Mick called, wanting to know if I'd heard anything from Tom Heaney, whom he'd been unable to reach. I said I hadn't, but that anybody who'd called would have had to talk to the machine. Tom, I pointed out, barely talked to people. I told him what I'd learned- about Moon, about Donnie Scalzo, and about Gary Allen Dowling.
I made it an early night, and I was at Phyllis Bingham's travel agency at nine on the dot. She was already at her desk. I told her I wanted to go to Buffalo, and while she brought up what she needed on her computer she asked how Elaine was doing on her buying trip. Of course she would have seen the sign in the shop window, it was just up the street, but for a minute I didn't know what she was talking about. I said it was going fine, and she said she could get me on a 10:00 a.m. Continental flight out of Newark, but that wouldn't give me any time to pack.
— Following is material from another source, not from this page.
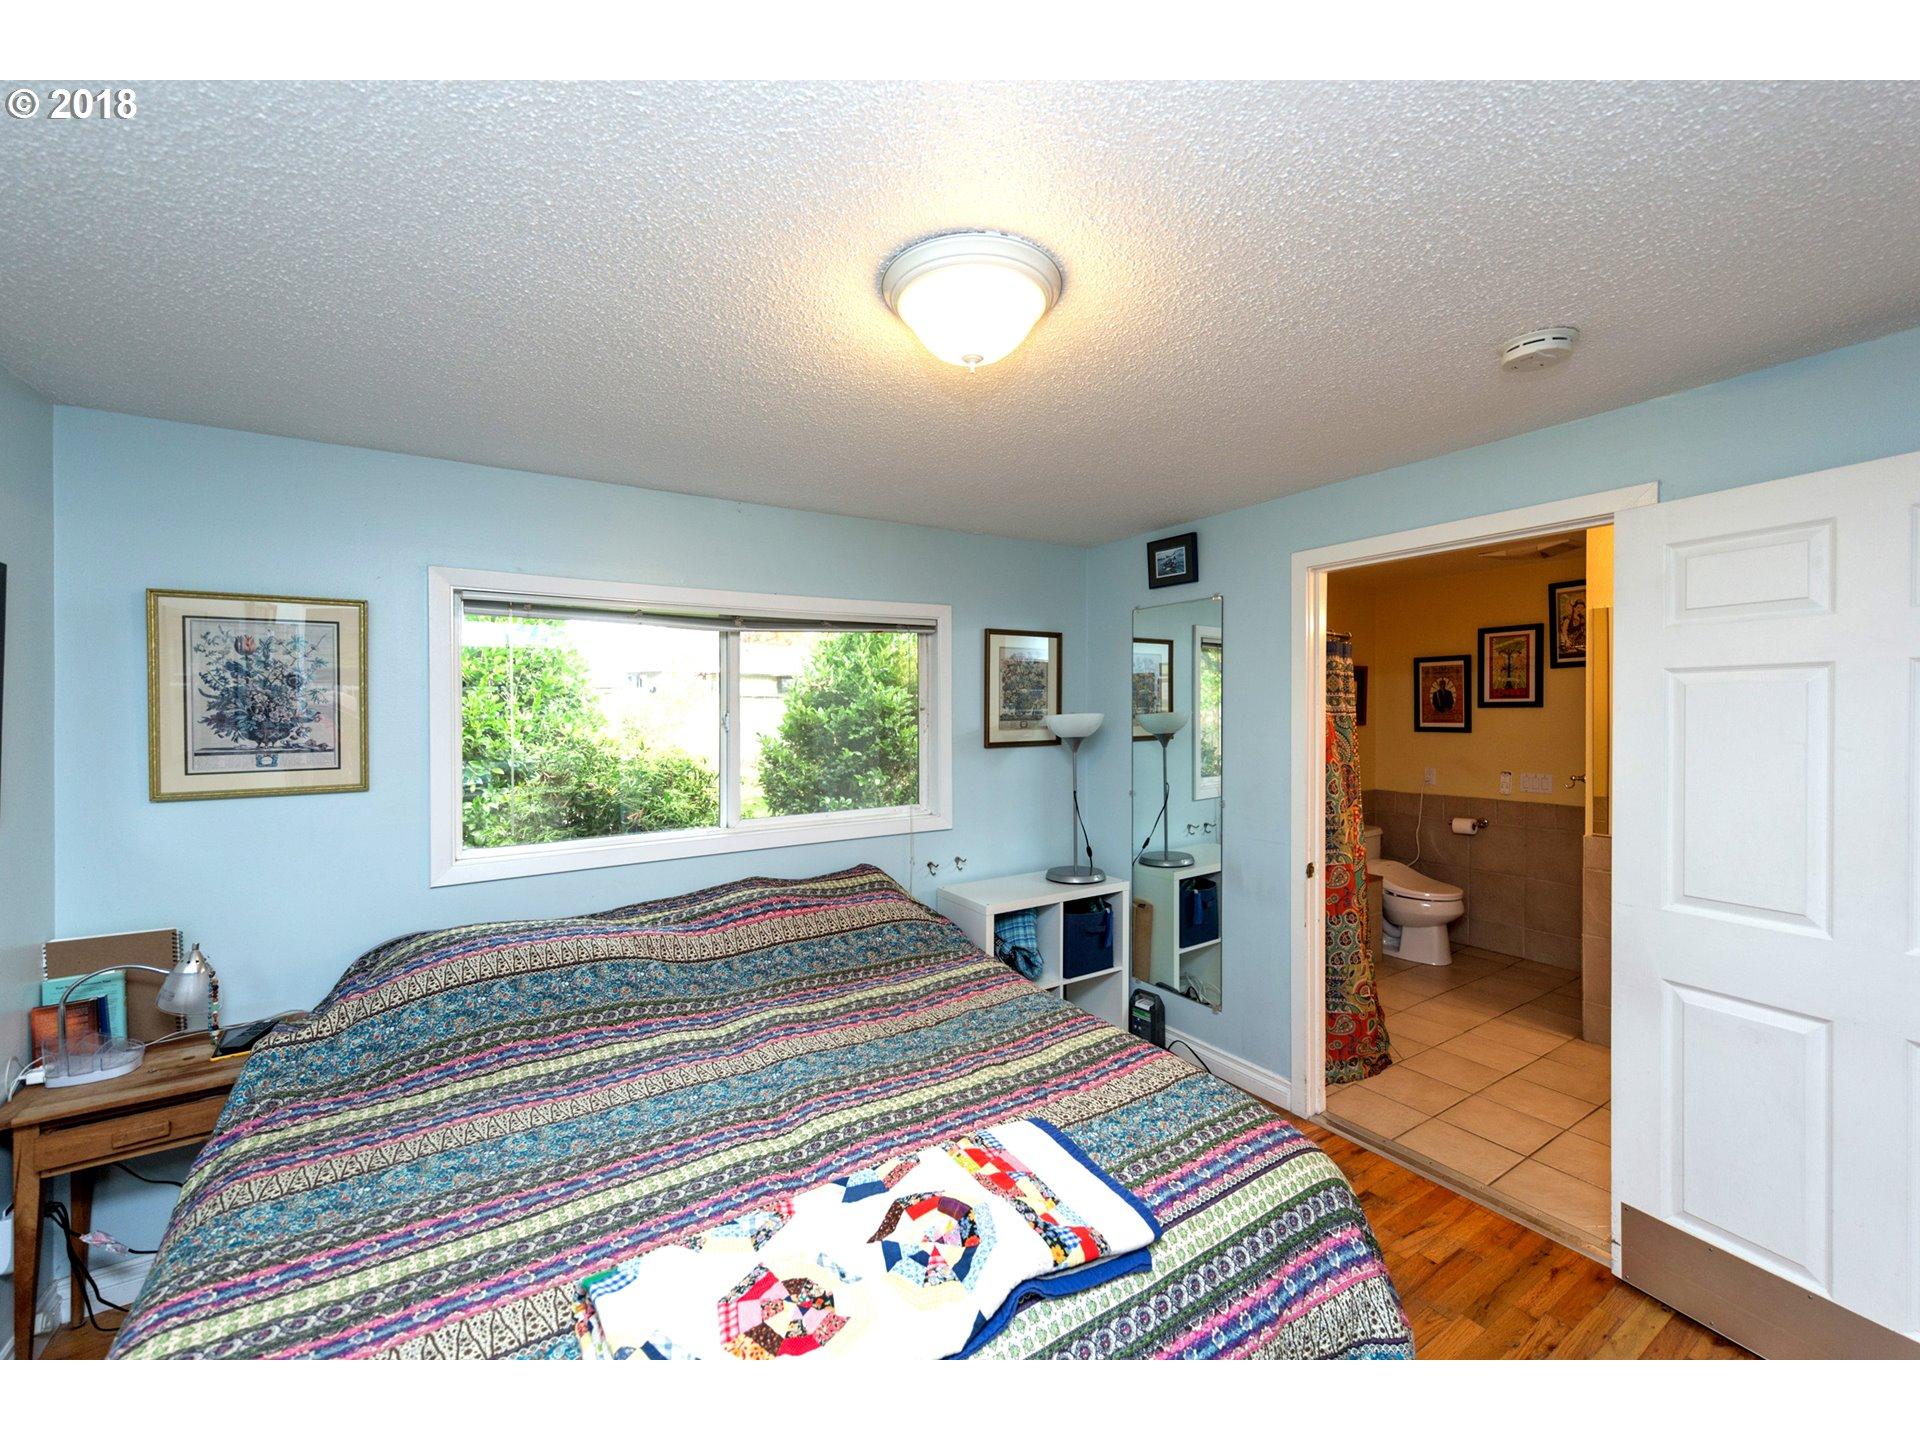 850 SW 134TH AVE Beaverton, OR 97005 - MLS #: 18426219

Nothing to pack, I said. She booked me on the flight and on a return flight at 3:30 the same afternoon. If I missed it there'd be another two hours later.
"I guess you won't get to look at the Falls," she said.
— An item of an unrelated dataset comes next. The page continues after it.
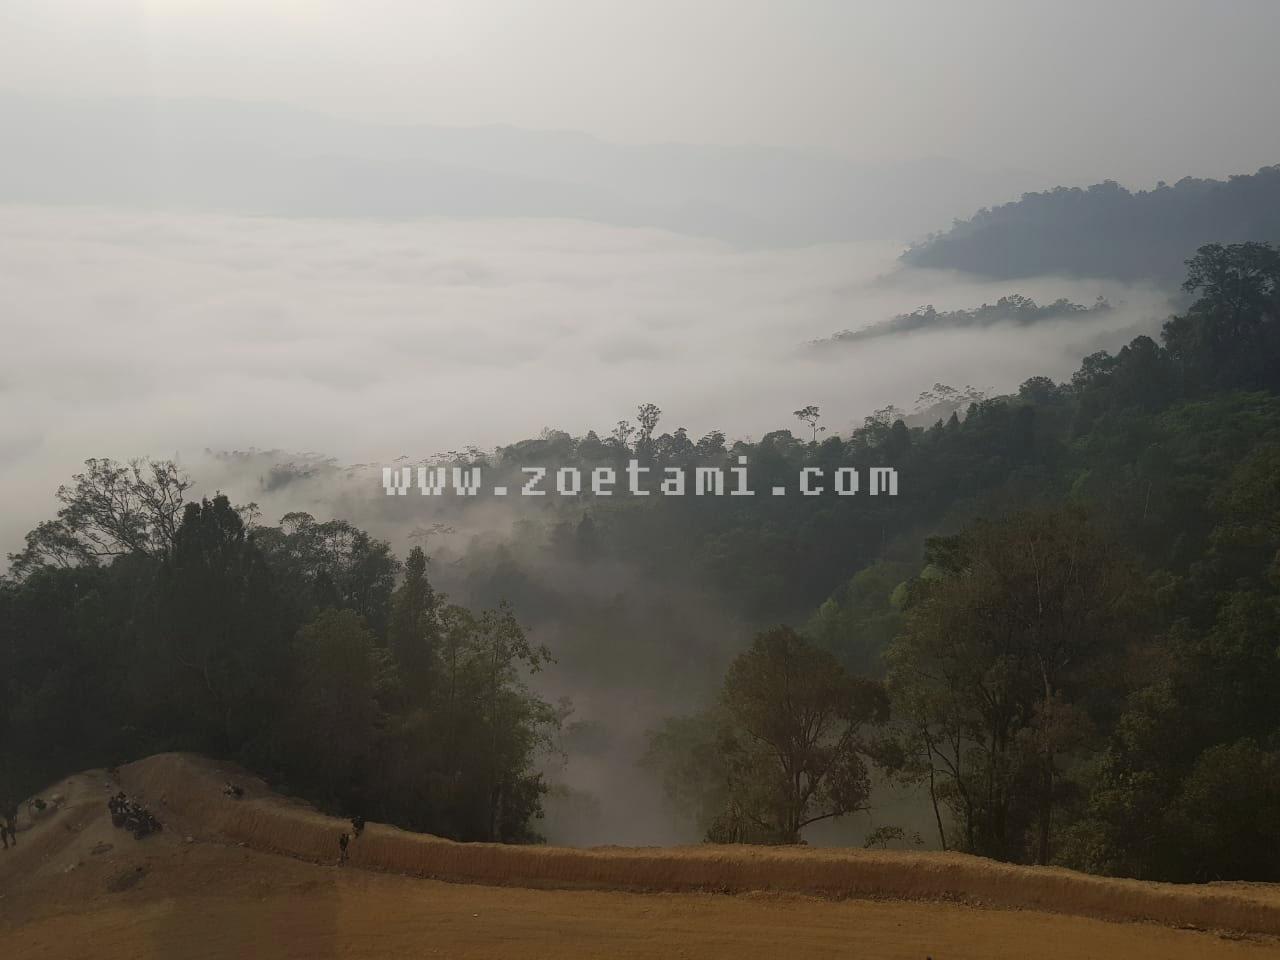 Info Gunung Luhur Ciusul Citorek yang Viral

I went out and got a cab right away, and I didn't even have to talk the driver into making the trip to Newark. He was delighted. I made my plane with a few minutes to spare and landed an hour later in Buffalo. I rented a car and drove to Attica, and that took another hour because I missed a turn and had to double back. I was there by noon and I was out of there by two, which put me way ahead of Gary Allen Dowling, not to mention Goo and Moon and Donny. It only took me forty minutes to get back to the Buffalo airport, where I had plenty of time to turn in the rental car and grab a meal before they called my return flight.
There was a long line for cabs at Newark, so I saved a few dollars and took a bus to Penn Station and the subway home. I walked in the door and Elaine said, "You said you'd be home for dinner and I didn't believe you. But you may not be able to stay."